Asked my husband if he would consider moving on temporary basis

how do you want imagine you both will find a nursery and new jobs on a temporary basis for both? and then moving back and starting to hunt for jobs (house/flat too?) again?

what if your parents need long term support?

I think it's a big as and YABU.

BarbariansMum · 09/09/2019 08:13

Thi g is, its unlikely to be temporary. When you are there and settled w settled children, the chances of you agreeing to move away again are slim to none.

LaurieMarlow · 09/09/2019 08:14

OP try to think honestly about how you’d feel if the situation was reversed.

It’s a huge ask. He doesn’t want to go and frankly why would he?

Beautiful3 · 09/09/2019 08:14

Could you build a granny flat and have them move to you?

HeadsDownThumbsUpEveryone · 09/09/2019 08:14

.and even if bought we would still have option to move back etc

But as others have correctly pointed out if he agreed to the move with a view of it being temporary you and he both know that you would not choose to move back.

He would be effectively agreeing to remain living in Scotland for the rest of his life as he wouldn't be able to move away even if the marriage ended because of your child.

You obviously have friends and family in Scotland but if you split up he would most likely end up with nobody and be living in a place he didn't want to be. Which would be an incredibly horrid position to potentially leave someone you profess to care about in.

Clayplease · 09/09/2019 08:17

I completely understand why you feel like this. I think there are some good ideas here, I would strongly suggest couple counselling- we did this when our DD was 7 months old and things were really bad, DP was v angry with me for arranging it - but I said 'well obviously things are bad, what's your idea?' He didn't have any suggestions.
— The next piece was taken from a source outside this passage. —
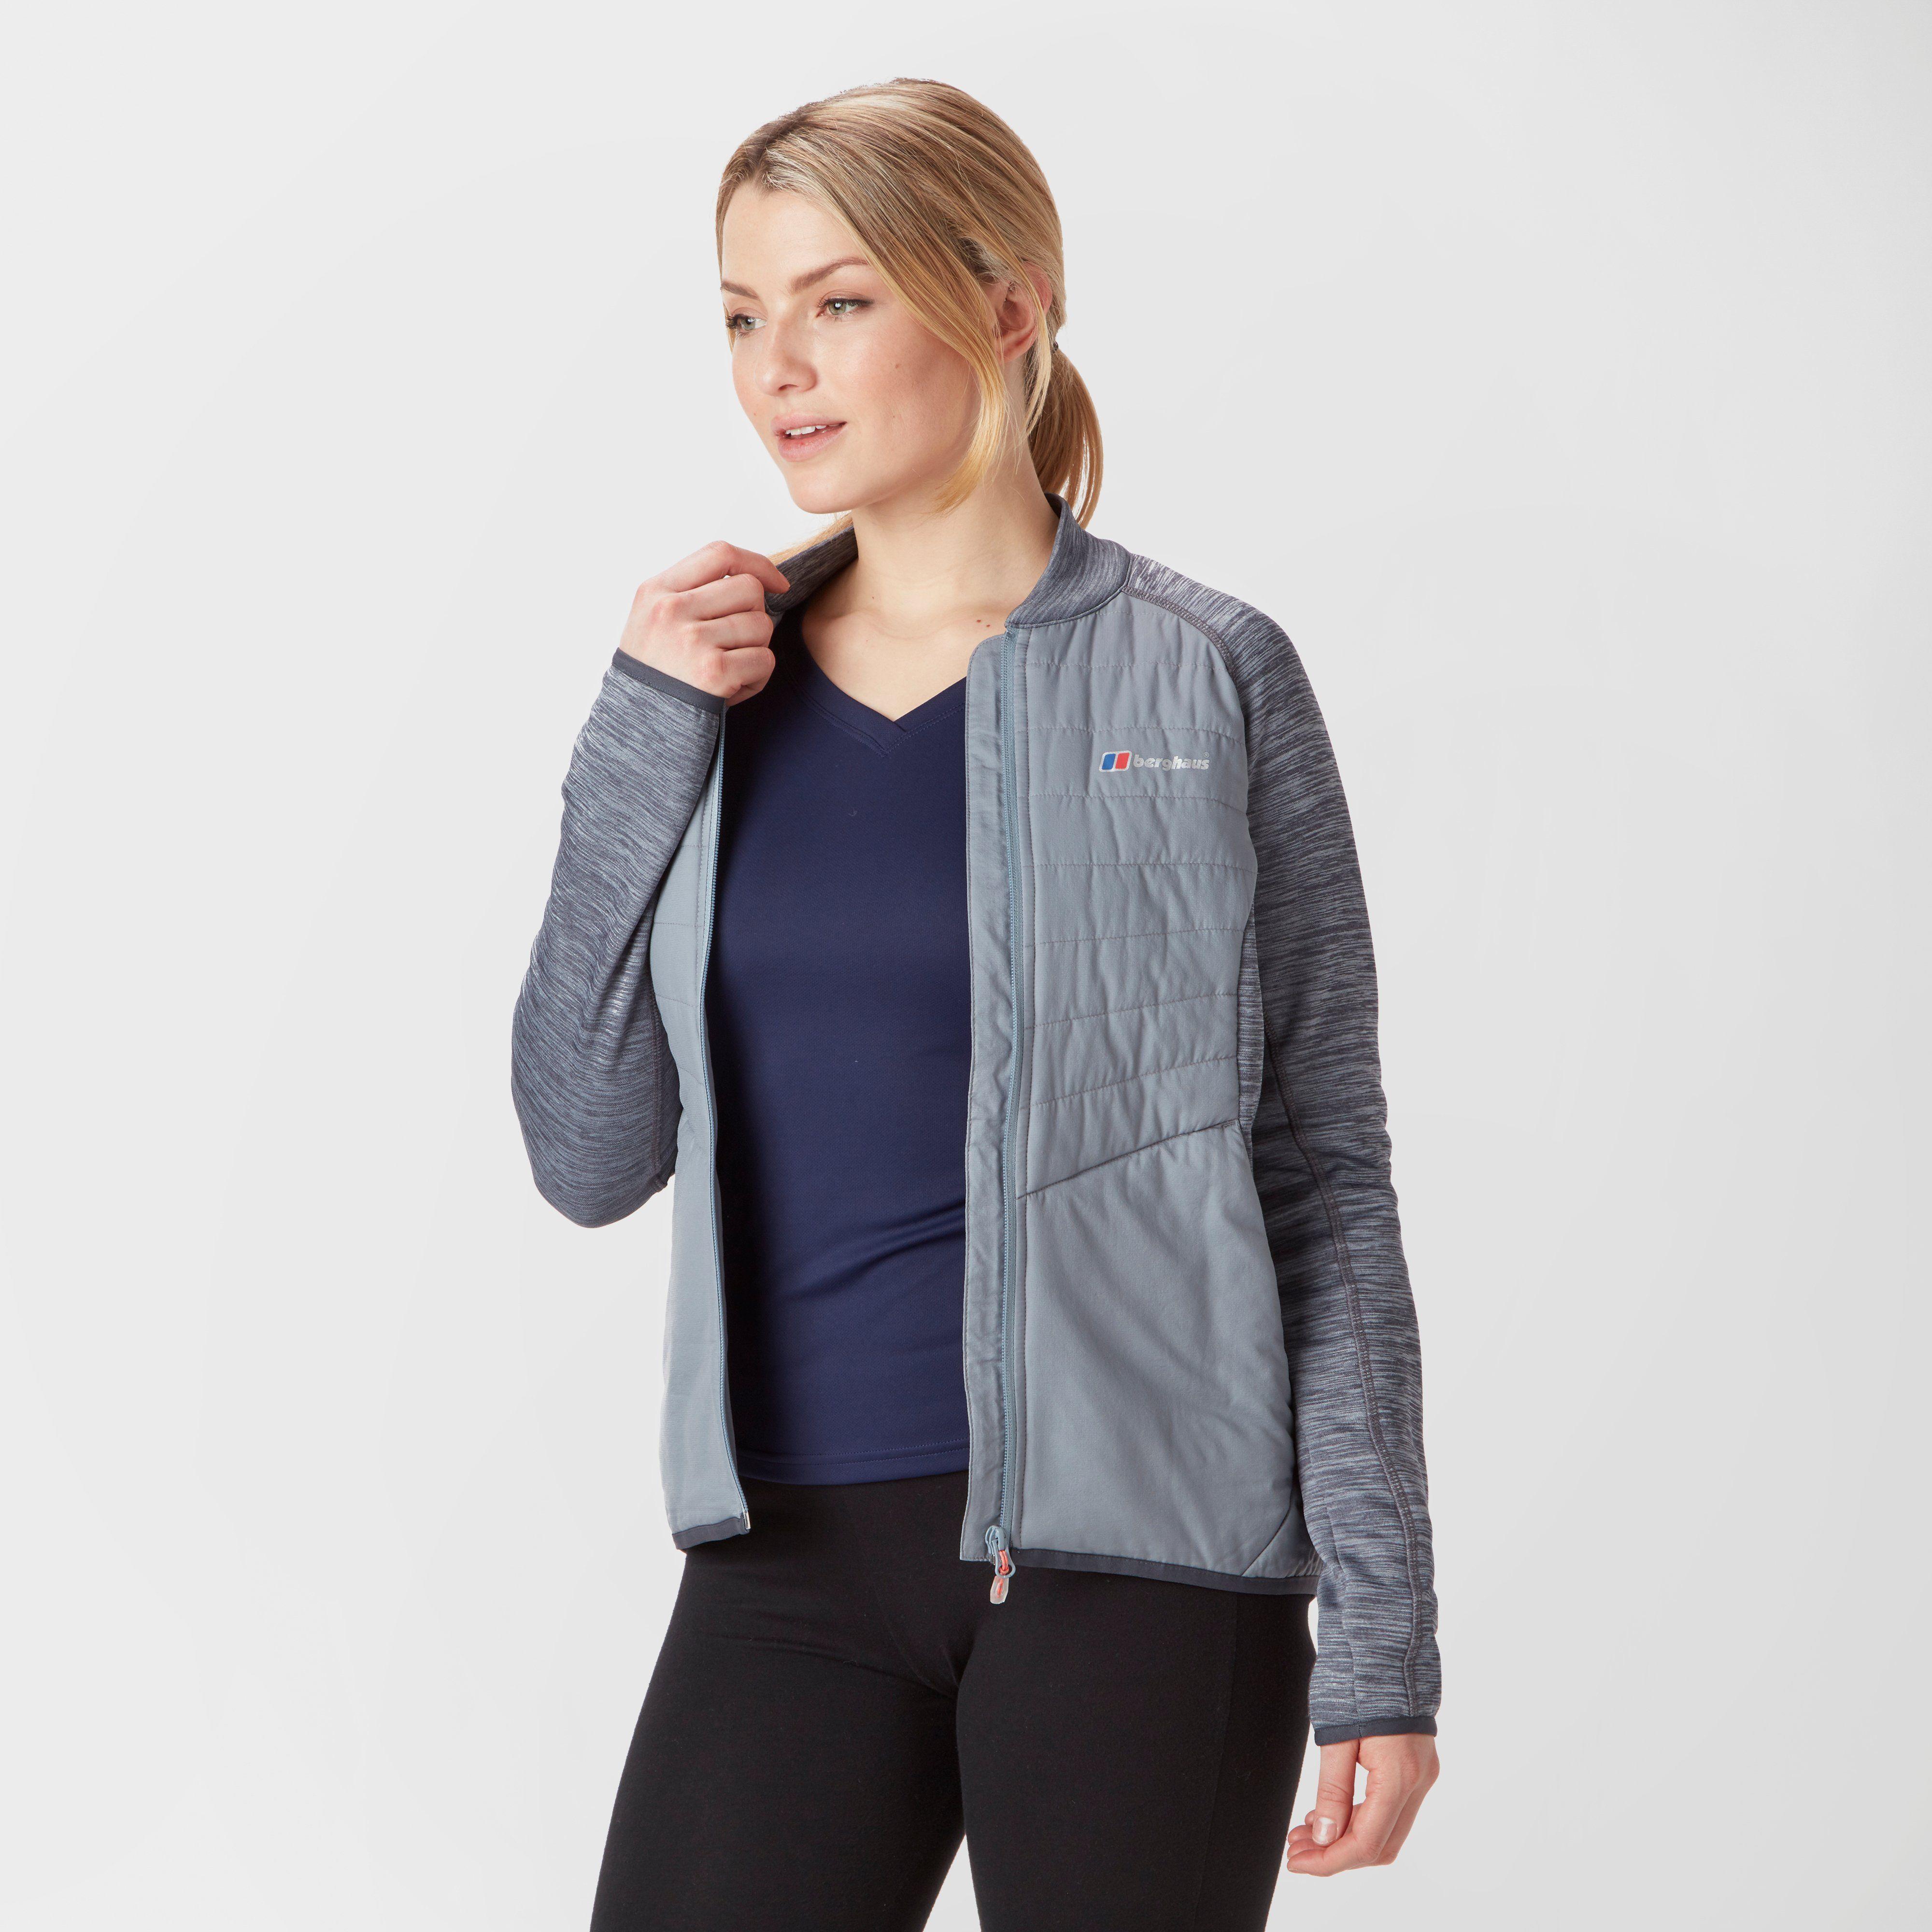 BERGHAUS Women's Gemini Hybrid Jacket

Basically I made him go and within 10 mins of starting the session he was actually realising it wasn't so bad and we continued for months, it was extremely helpful and saved our relationship. (N London) - now 9 years later relationship is best it's ever been- are you sure you want to leave?

We ended up moving to the SW to be closer to my parents, our quality of life is hugely better and he loves it here, luckily. But if we hadn't had the counselling our relationship wouldn't have survived.

I think marriage first (continue regular visits to parents as often as you can) then see if you can spend some extended time in Scotland? Could you go for 2 weeks then back for 2 weeks or is it really that you want to move back permanently? I can completely understand both wanting to see your very poorly parents and wanting to move back. Good luck with it all Thanks

Quartz2208 · 09/09/2019 08:20

You are downplaying exactly how big an ask it is. Moving country giving up his job and prospects (London job market is different to other places) and once you sell in London it’s hard to come back (can you really see getting a mortgage and smaller house) and it would become a chicken and egg situation where what would come first the mortgage getting and house or job in a London

It’s the hardest time to do it

flouncyfanny · 09/09/2019 08:20

This reply has been deleted

Message withdrawn at poster's request.